Case in point, consider the Pharisees. They appeared in houses of worship and stood on street corners. They blew their trumpets and gave their alms to the poor. But what did it profit them? Jesus said that they already have all their reward in full, simply, to be honored by men. Theirs was a buy high, sell low religion, and their net spirituality was zero.

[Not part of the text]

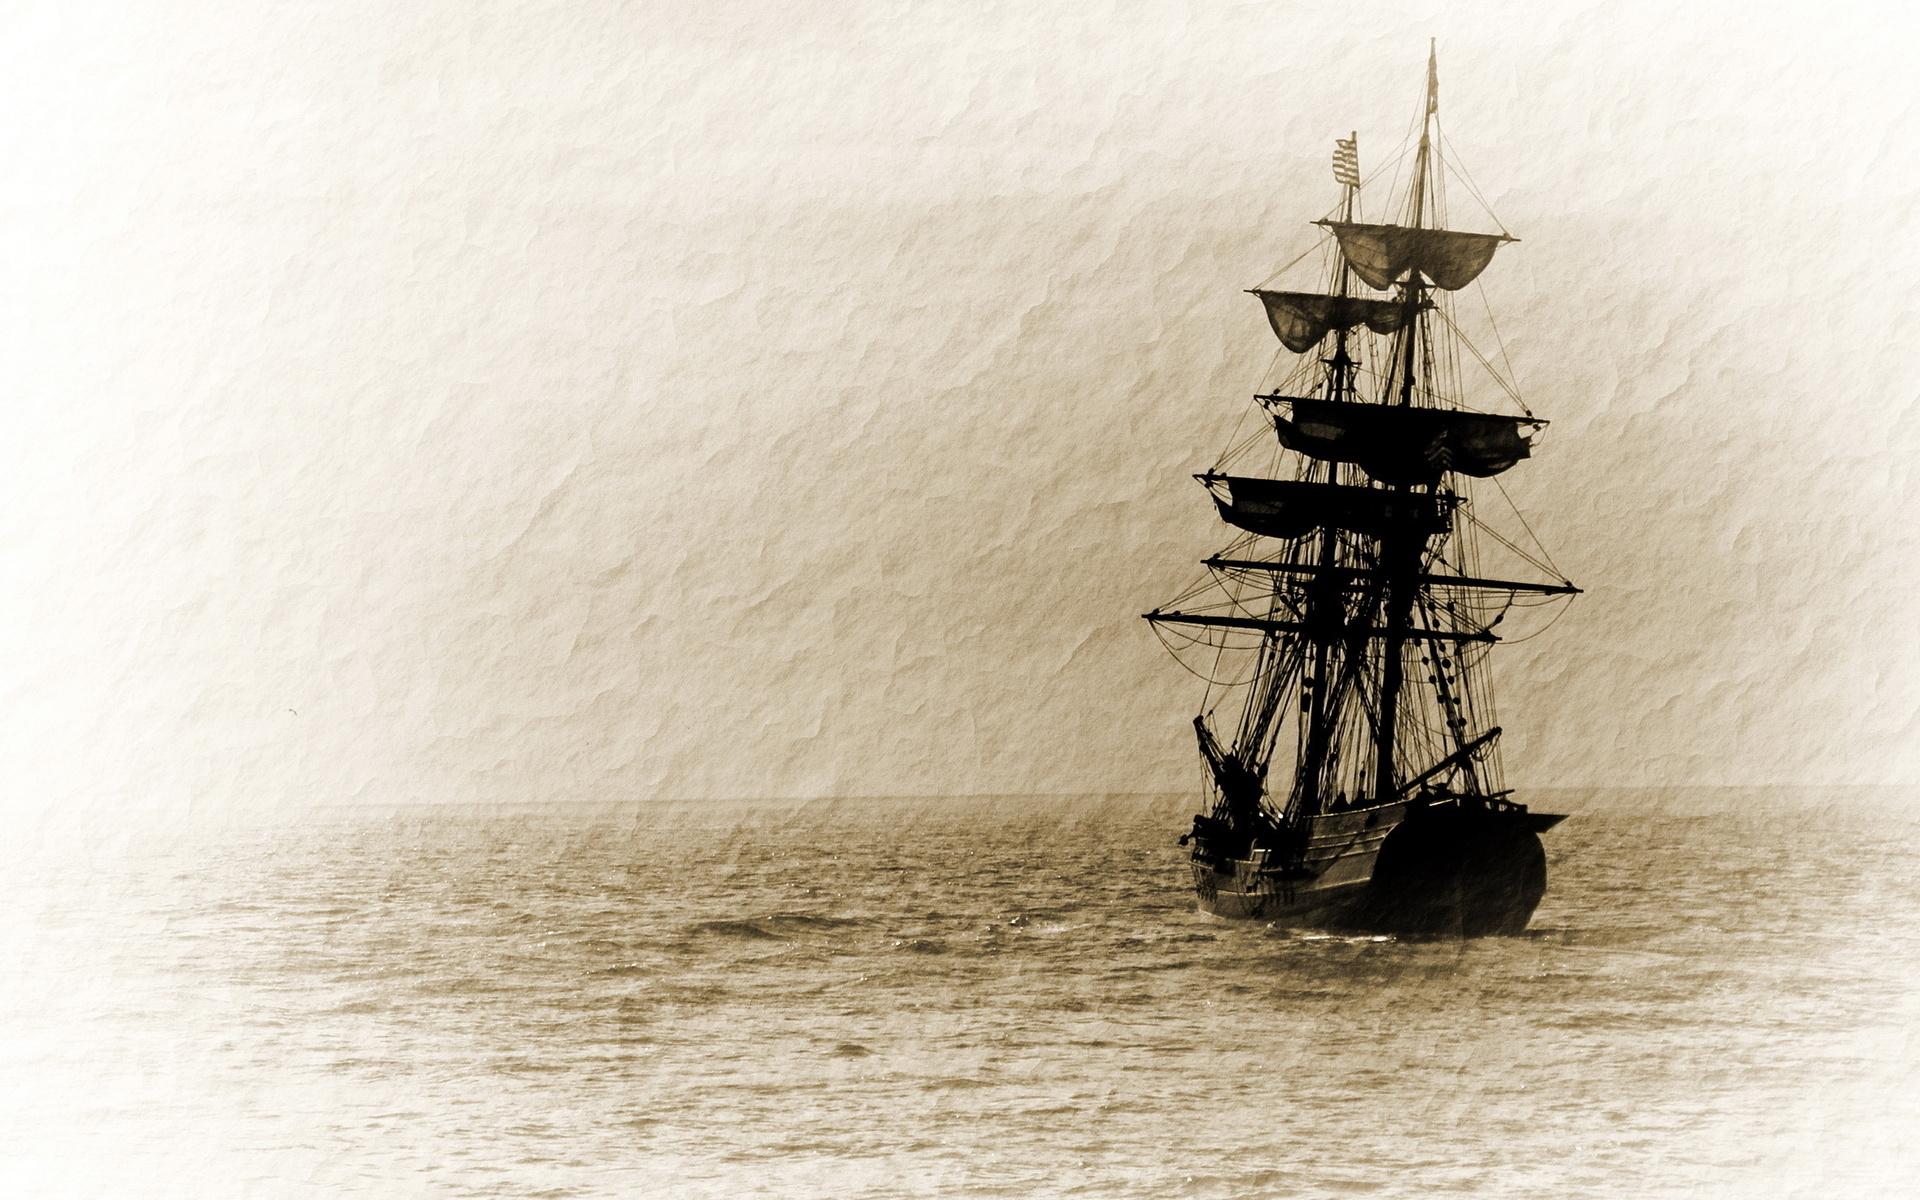 17936 скачать обои Транспорт, Корабли, Море - заставки и картинки бесплатно

Finally, martyrdom without love is nothing. Paul now pushes his point to the very limit. He imagines, “If I surrender my body to be burned, but do not have love, it profits me nothing” (1 Corinthians 13:3). The apostle reasons, if he made the ultimate sacrifice, surrendering his body to be burned, presumably in the name of Christ, but without love, he is nothing. On a scale of one to ten, Paul would be a zero. His sacrifice would be much pain, but no gain. With keen discernment, the apostle does the math and quickly calculates the bottom line. Anything times zero is zero.
The Corinthians desperately needed to hear this truth. Without love, nothing else matters. Not speech, nor knowledge, not any religious activity. Not even martyrdom. Apart from love, nothing matters in authentic Christianity.
This is the significance of love to which Paul speaks. Without love, all somebodies are nobodies. Anyone all wrapped up in themselves makes for a small package. Subtract love from any spiritual pursuit, and it adds up to nothing. Multiply anything without love, and it equates to nothing. Bottomline, giftedness without godliness amounts to nothing.
The question then begs to be asked, Where is such supernatural love found? There is only one source. This kind of agape love is the fruit of the Spirit. Genuine love is produced in those who abide in Christ. This God-given love belongs to those who walk in the Spirit. This is where we will find love for our lives. So, let us continually look to Jesus Christ, the Supreme Model of selfless, sacrificial love. And, let us rest in His infinite love toward us. The more we love Him, the more we will have love for others.